Partitioning and replication is mostly about choosing the right shardSpecs for the various nodes or tasks you set up. Tranquility does partitioning by submitting multiple tasks with "linear" shardSpecs that have different partitionNums. Then it spreads out which tasks it sends its events to. This works because at query time, the broker will merge results from all unique shardSpecs currently existing in the cluster. To do replication, it sets up multiple tasks with the same shardSpecs (so the broker will only query one of them at a time) and makes sure to send them the same data. If you wanted to do partitioning and replication without tranquility, you'd do something similar.

Preetam Rao

unread,
Jul 10, 2014, 1:39:38 AM7/10/14
to druid-de...@googlegroups.com
Appreciate you patience and the details. Really helps my understanding. Most of it makes sense now. Couple of follow questions (almost there):


>> The multiple-consumer-group problem is less about ordering and more about which kafka partitions end up being read into which druid partitions.

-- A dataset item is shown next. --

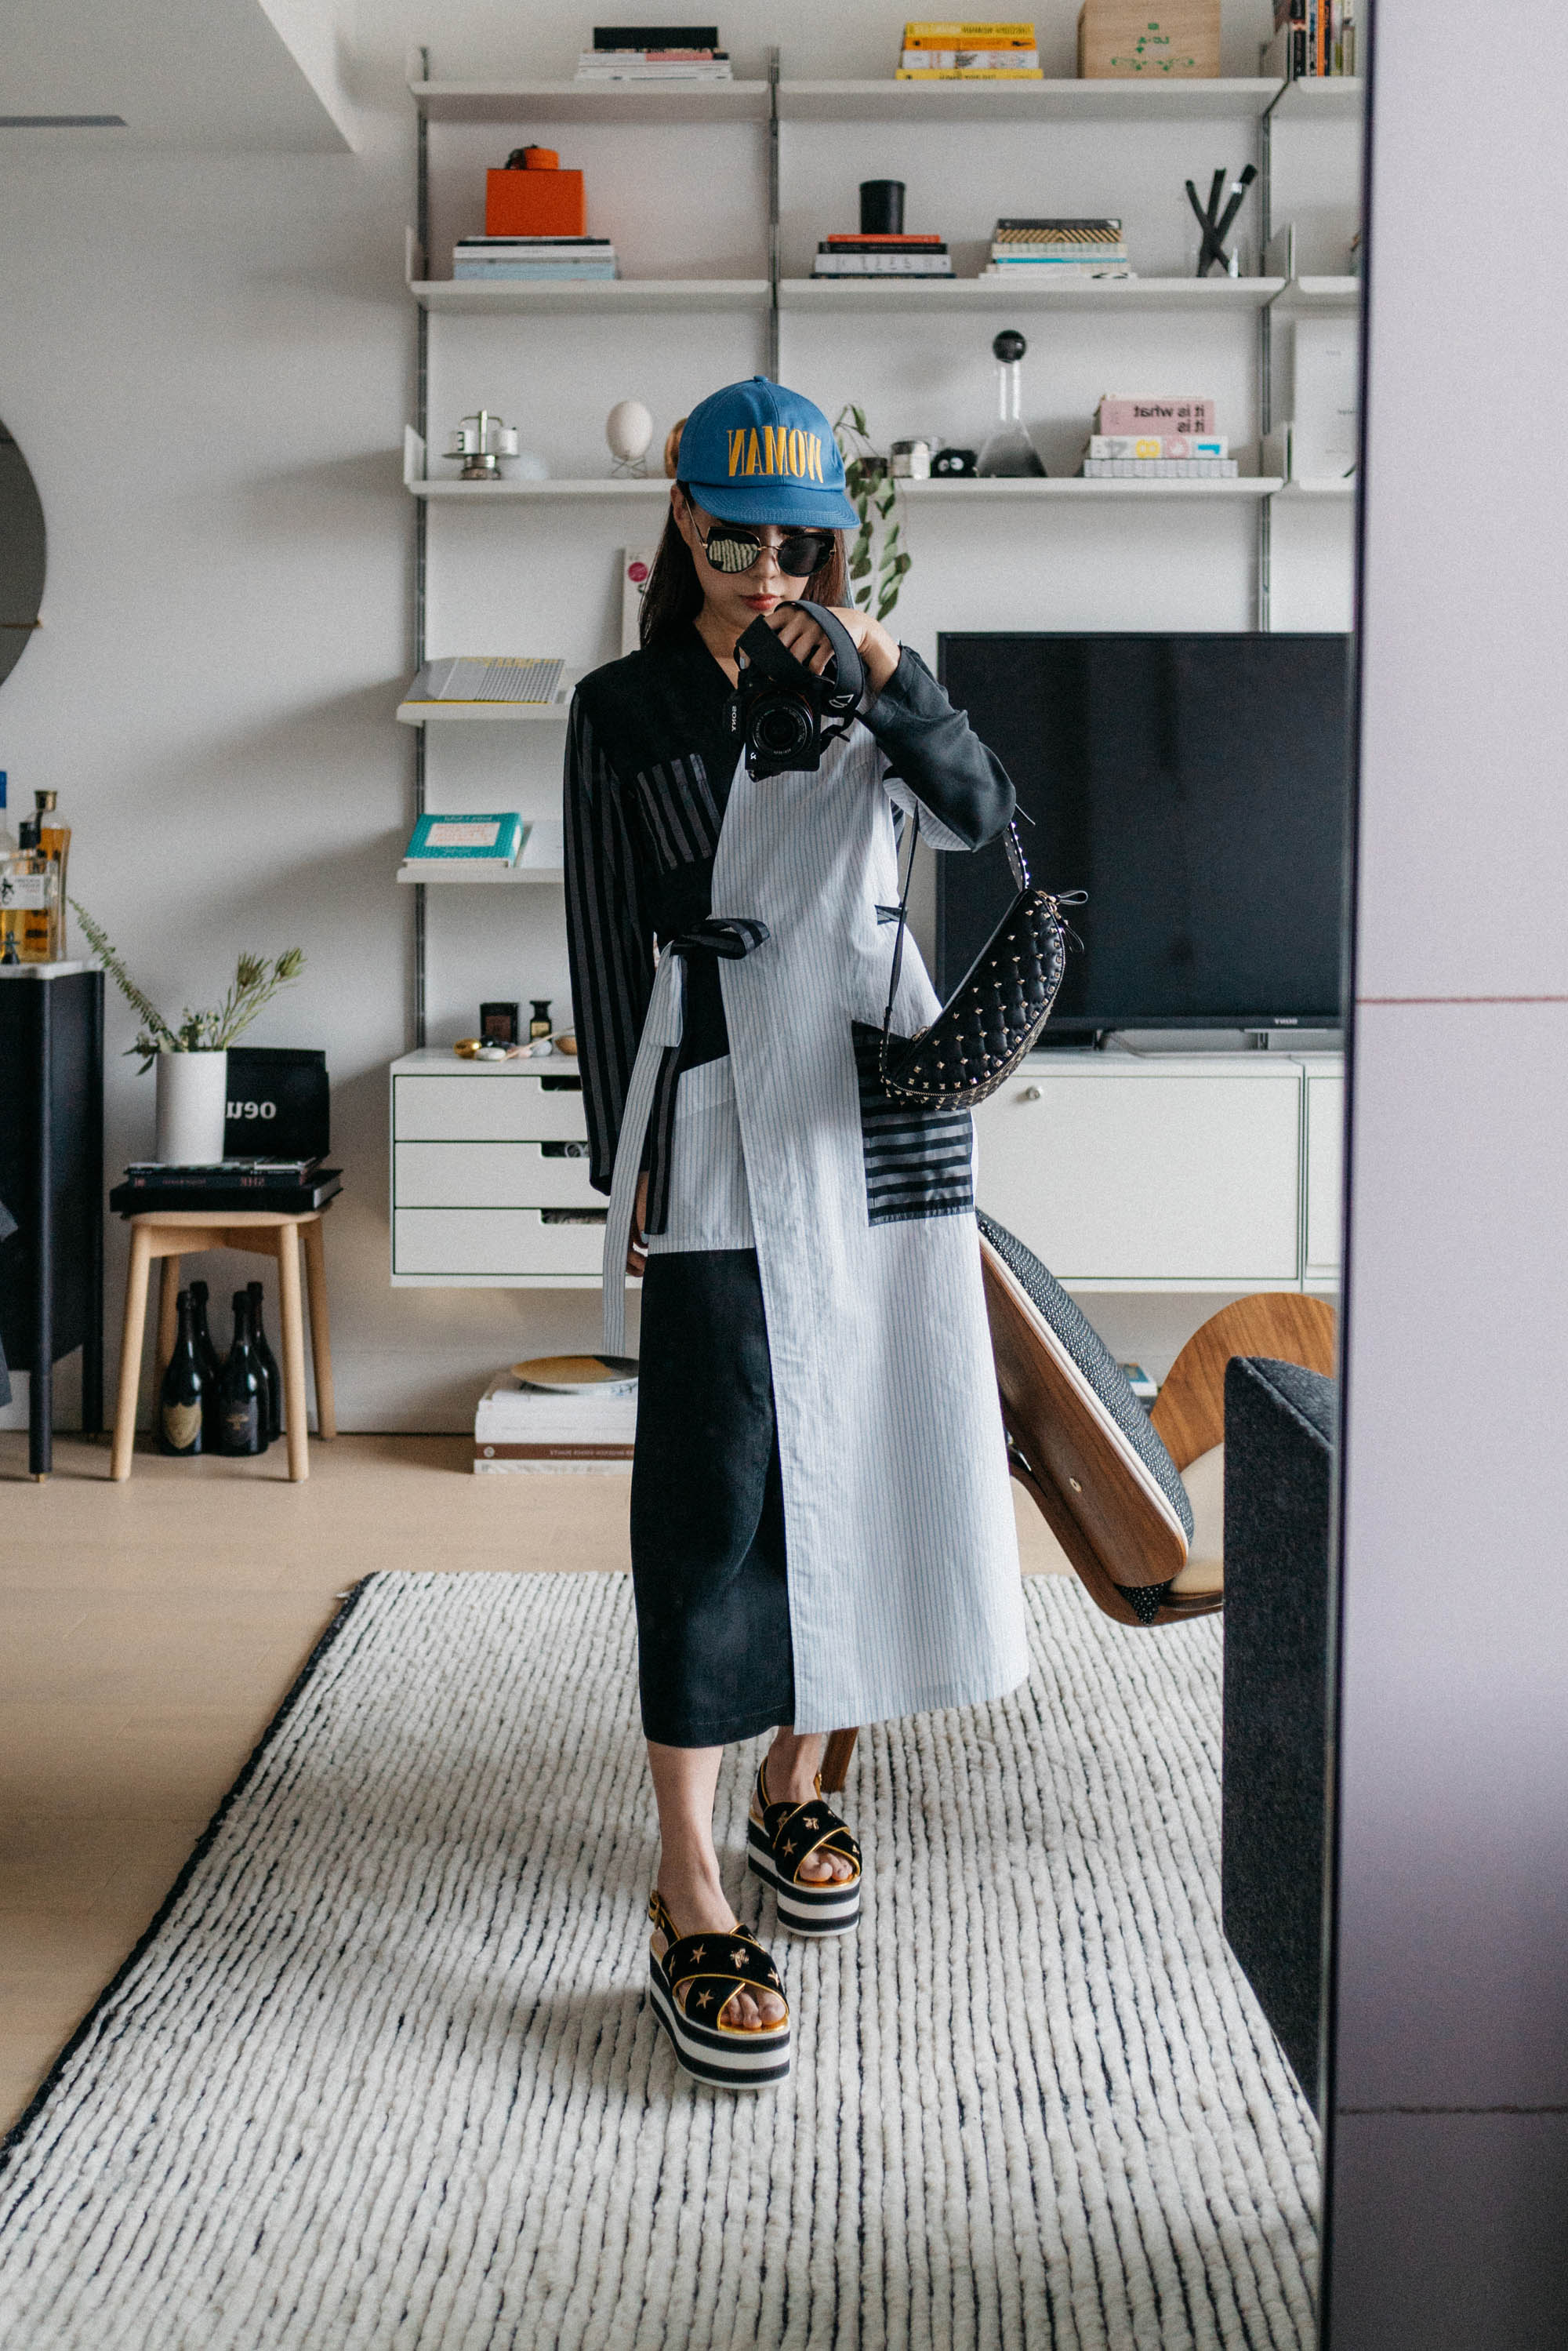 MM6 Maison Margiela Jacket,  Gucci Sandals , Valentino Bag, Gentle Monster Sunglasses,  Off-White Hat

Great. Now it makes sense.

Q. Shardspec tells the druid partition the node is serving and firehose consumer group & feed  tells the kafka topic being received. Only thing i could not connect is where do we specify the "parallelism" of the kafka consumer group ? Is it that each node just runs one thread inside that consumer group ? So, if we have 3 nodes (or tasks) each with a different partition number in its shard spec, but same consumer group and same feed,  does that mean effectively we are talking about a kafka consumer group for this topic with parallelism 3.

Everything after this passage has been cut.